Calcaxonia (1981 – 1999 known only under the informal name restricted Holaxonia) was, in some systems, an Octocorallian suborder of the order Gorgonacea, or alternatively of the broadly conceived order Alcyonacea. Before its formal erection in 1999, it was usually included inside the suborder Holaxonia.

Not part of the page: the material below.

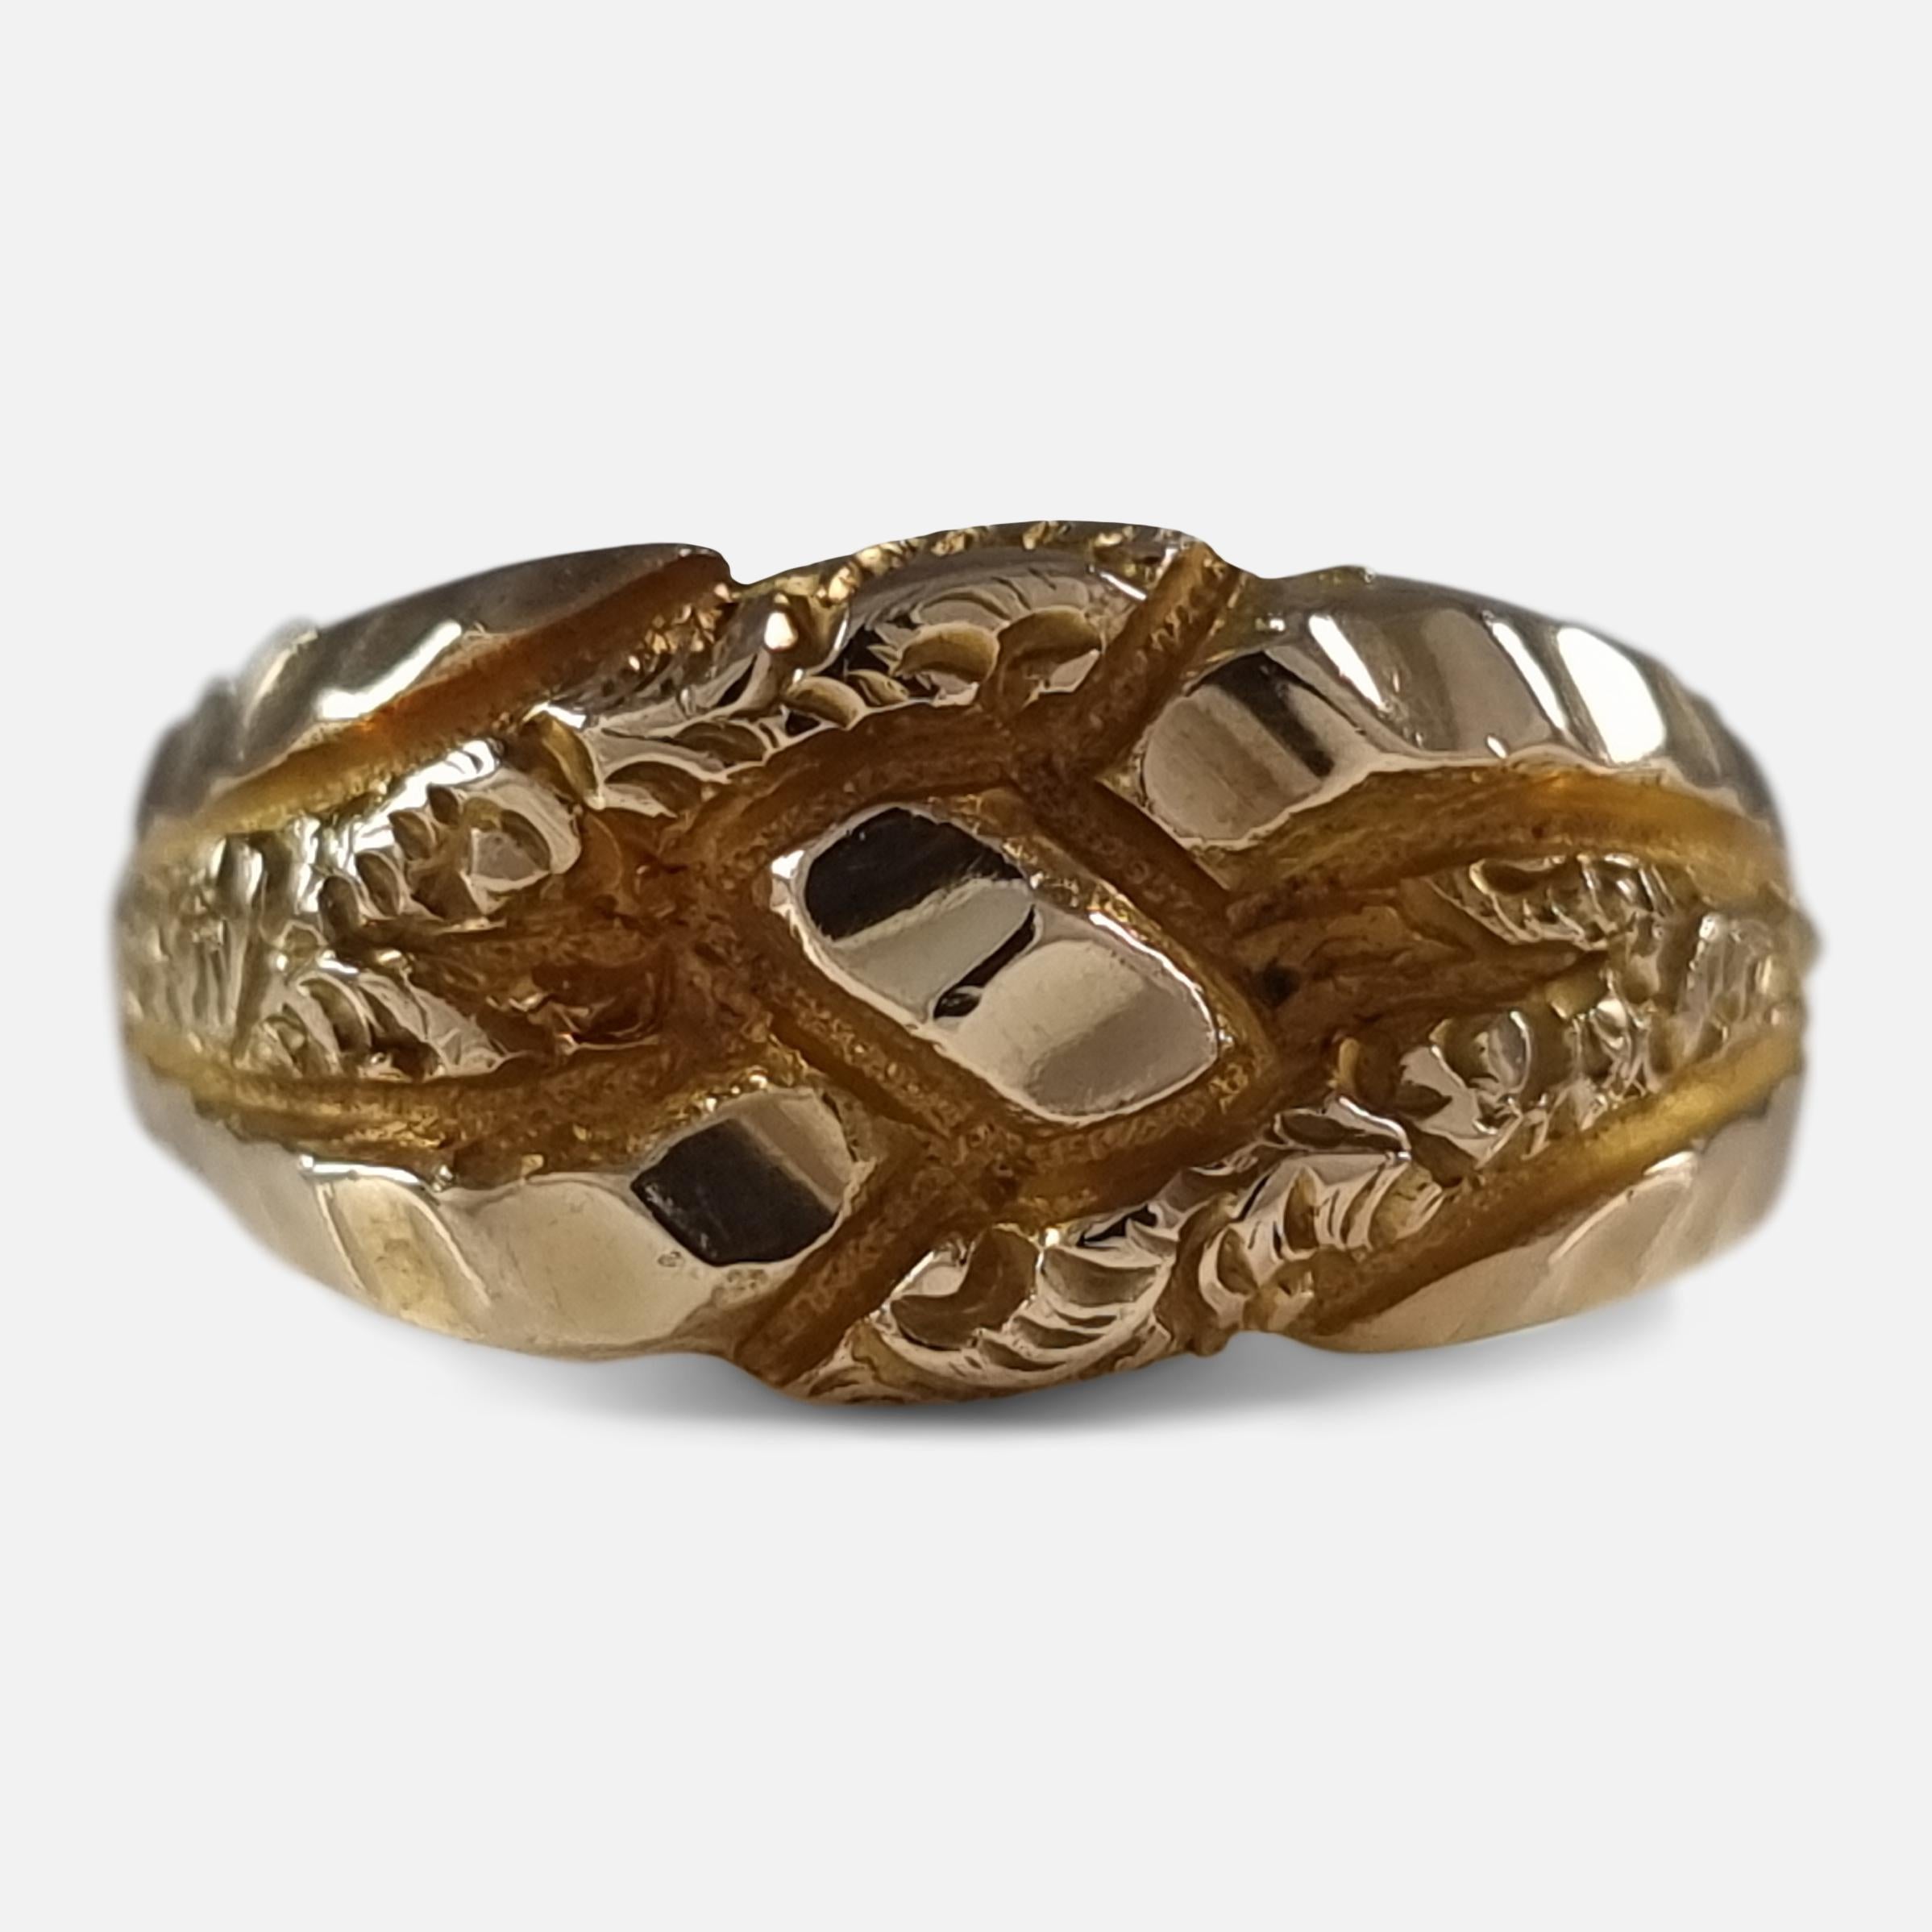 Ein George V. 18ct Gelbgold Keeper Ring. Der Ring ist auf der Vorderseite mit einer überlappenden, und Schnecke Dekoration eingraviert.

Der Ring ist mit Birminghamer Punzen,

According to a 2022 revision of Octocorallia, former Calcaxonia is part of the newly created order Scleralcyonacea, with the exception of the Calcaxonian genus Isis which is included in the order Malacalcyonacea. Within Scleralcyonacea, almost all former Calcaxonia taxa form together one unnamed clade, only Ellisellidae and Dendrobrachiidae (and possibly also Chelidonisididae) are parts of other clades of Scleralcyonacea.

== Composition ==
The following taxa were included in Calcaxonia:
- family Chelidonisididae (before 2021, this taxon was classified either as part of Isididae or as incertae sedis)
- family Chrysogorgiidae
- family Dendrobrachiidae (before 2019, this taxon was classified as part of Holaxonia, rather than Calcaxonia)
- family Ellisellidae
- family Ifalukellidae
- genus Isis (the current family Isididae includes only this genus plus two genera formerly included in Gorgoniidae being part of Holaxonia; prior to 2021/2016, the family Isididae included this genus plus what are now the families Keratoisididae, Mopseidae and Chelidonisididae)
- family Isidoidae (before 2021, this taxon was classified either as incertae sedis or as part of Chrysogorgiidae)
- family Keratoisididae (before 2021/2016, this taxon was classified as part of Isididae)
- family Mopseidae (before 2021/2016, this taxon was classified as part of Isididae; since 2021, Mopseidae includes the family Circinisididae proposed in 2016)
- family Pleurogorgiidae (before 2021, this taxon was classified as part of Chrysogorgiidae)
- family Primnoidae
Note that while some of the above families were (re)created by various studies in 2021, all the above families were moved to the new order Scleralcyonacea one year later, i.e. in 2022.

== Calcaxonia sensu lato ==
In 2019, G. C. Williams proposed that the name Calcaxonia be applied to the whole clade which, since 2022, has been known as Scleralcyonacea, i.e. the clade composed mainly of Calcaxonia proper, Pennatulacea and Helioporacea. Other authors did not adopt this proposal.